对这些字符串进行排序,这样它们之前的顺序就被打乱了,打乱的那个顺序就是index,需要输出。
首先我们测试一个简单的字符串acaacg$,总共六个字符,加上一个$符号,下次再讲$符号的意义。
实现以上功能是比较简单的,代码如下
但是这是对于6个字符串等小片段字符串,如果是是几千万个字符的字符串,这样转换就会输出千万的平方个字符串组成的正方形数组,是很恐怖的数据量。

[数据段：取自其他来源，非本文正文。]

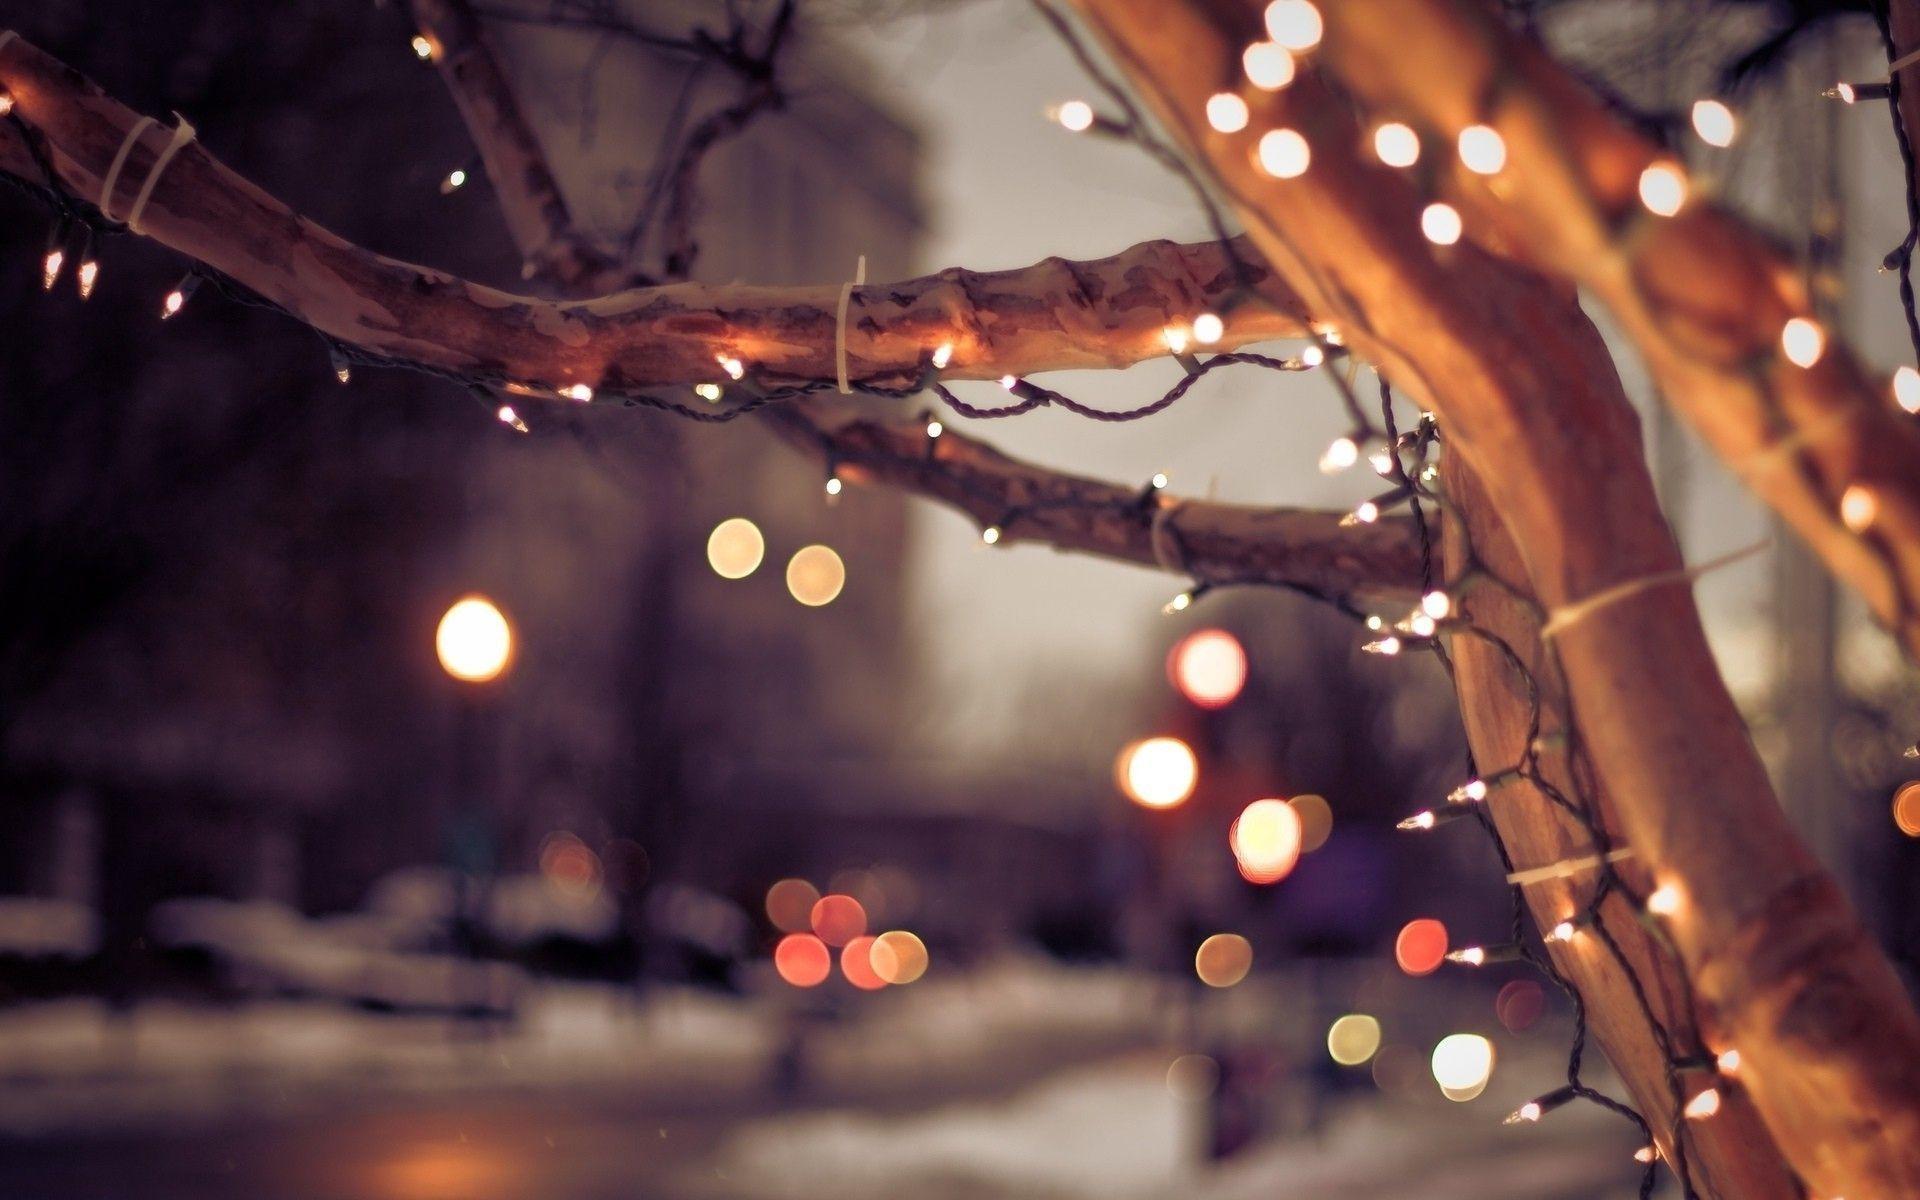 10 Best Christmas Lights Desktop Wallpaper Full Hd 1080p For Pc Desktop 567031409 Christmas Wallpapers Tumblr Christmas Lights Wallpaper Christmas Wallpaper Hd

所以在转换的同时就不能把整个千万字符储存在内存里面。
在生物学领域,是这样的,这千万个 千万个碱基的方阵,我们取每个字符串的前20个字符串就足以对它们进行排序,当然这只是近视的,我后面会讲精确排序,而且绕过内存的方法。
Perl程序如下
[perl]
while (<>){
next if />/;
chomp;
$a.=$_;
}
$a.=’$';
$len=length $a;
$i=0;
print "first we transform it !!!\n";
foreach (0..$len-1){
$up=substr($a,0,$_);
$down=substr($a,$_);
#print "$down$up\n";
#$hash{"$down$up"}=$i;
$key=substr("$down$up",0,20);
$key=$key.”\t”.substr("$down$up",$len-1);
$hash{$key}=$i;
$i++;
}
print "then we sort it\n";
foreach (sort keys %hash){
$first=substr($_,0,1);
$len=length;
$last=substr($_,$len-1,1);
#print "$first\t$last\t$hash{$_}\n";
print "$_\t$hash{$_}\n";
}
[/perl]
运行的结果如下
个人觉得这样排序是极好的,但是暂时还没想到如何解决不够精确的问题!!!
参考:
http://tieba.baidu.com/p/1504205984
http://www.cnblogs.com/xudong-bupt/p/3763814.html
其中第一讲我提到了一个简单的索引产生方式,因为是课堂就半个小时想的,很多细节没有考虑到,对病毒那种几K大小的基因组来说是很简单的,速度也非常快,但是我测试了一下酵母,却发现好几个小时都没有结果,我只好kill掉重新改写算法,我发现之前的测序最大的问题在于没有立即substr函数的实现方式,把一个5M的字符串不停的截取首尾字符串好像是一个非常慢的方式。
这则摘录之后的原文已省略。